In Senior Year at Topeka High in the New York Times, Anemona Hartocollis talks to 12th graders, their parents and their counselors at her old high school. Nearly all students want to go to college, but some never enroll and many who do never earn a degree, she writes. It’s called the “aspirations-attainment gap.”
“Applying to college requires a huge amount of social capital — the support of family, friends, mentors and teachers — as well as personal drive and initiative,” she writes.
Topeka High is in many ways an all-American school, the largest public high school in this sprawling low-rise city of about 127,000 people. The school has a strong racial, ethnic and economic mix among its 1,800 students.
. . . A handful of students, mainly affluent ones, will go to the Ivy League. But the graduation rate hovers in the low 70 percent range, the principal said; 45 percent of graduates go to a four-year college, and 17 percent go to a two-year college.
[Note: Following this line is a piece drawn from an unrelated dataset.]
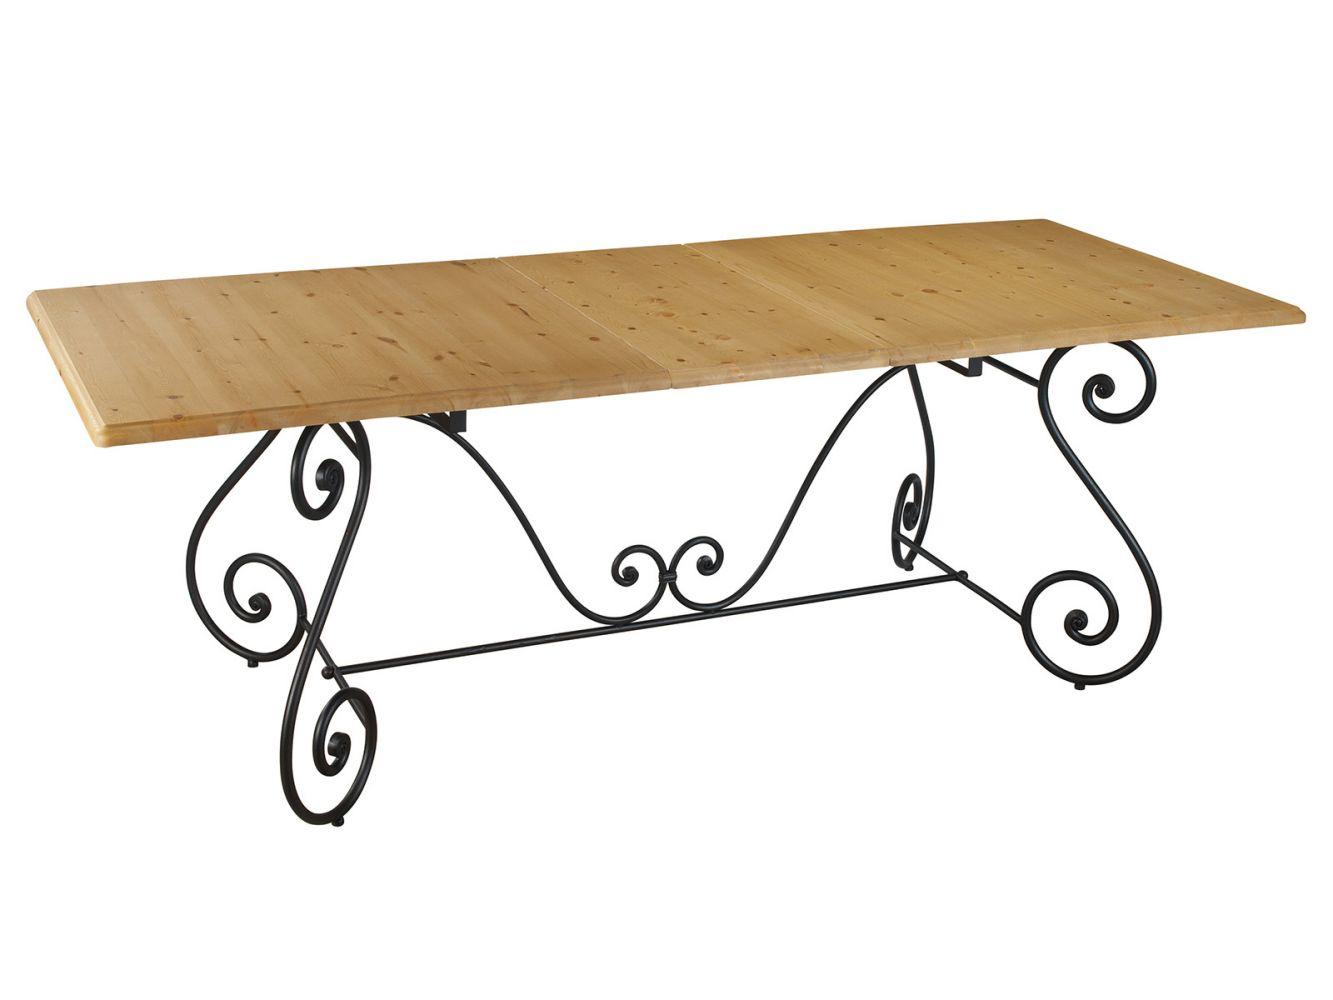 Table en fer forg pour salle manger meuble et d coration marseille mob - Table salle a manger en fer forge ...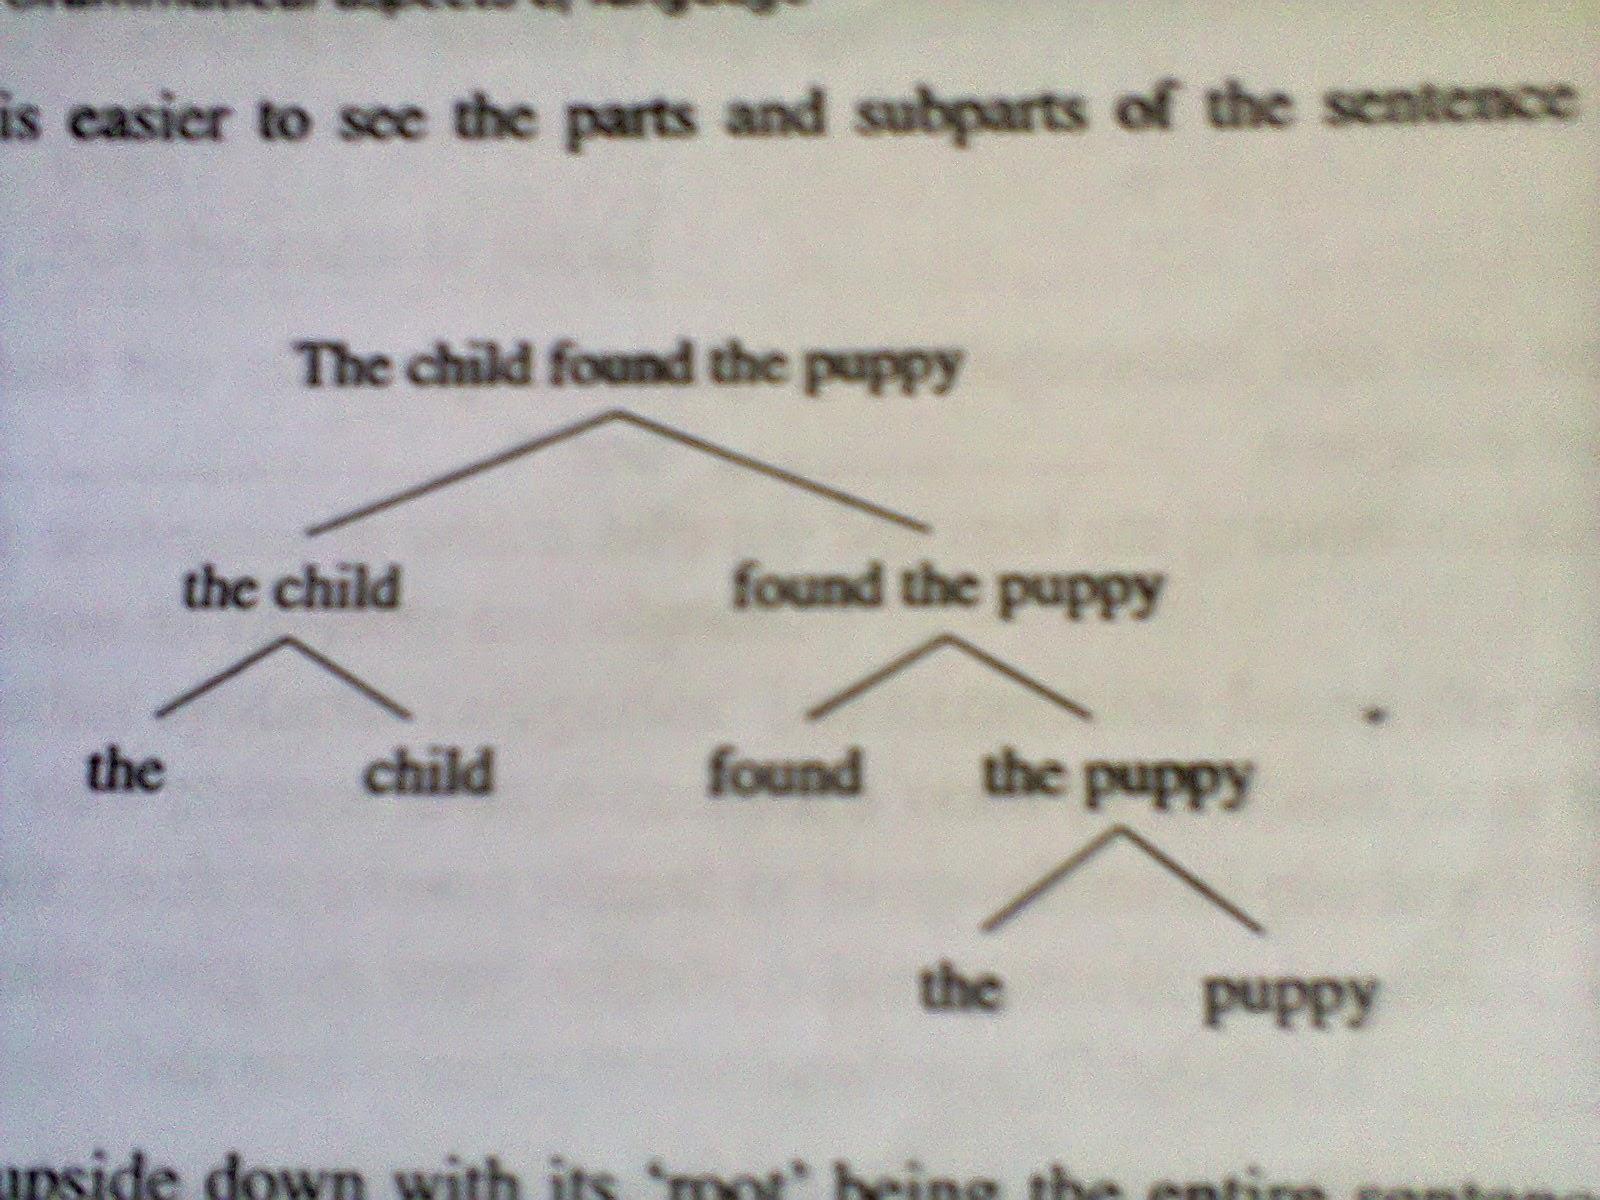 Diagramming Sentences Rules 2005 Jeep Wrangler Fuse Box Diagram Sentence Structure

She talks to a boy who’s taking honors classes, but considering technical school as well as college. His farmer dad wants him to enlist in the military or work before starting college. His mother favors college, but doesn’t know how the application process works.
Another boy, a frequent truant from a “downwardly mobile” family, wants to be a musician. Can he do better than his dropout brother?
An ambitious black girl wants to be a doctor. She’s done everything right in high school, but can she get the counseling and financial aid she’ll need to make her dream a reality?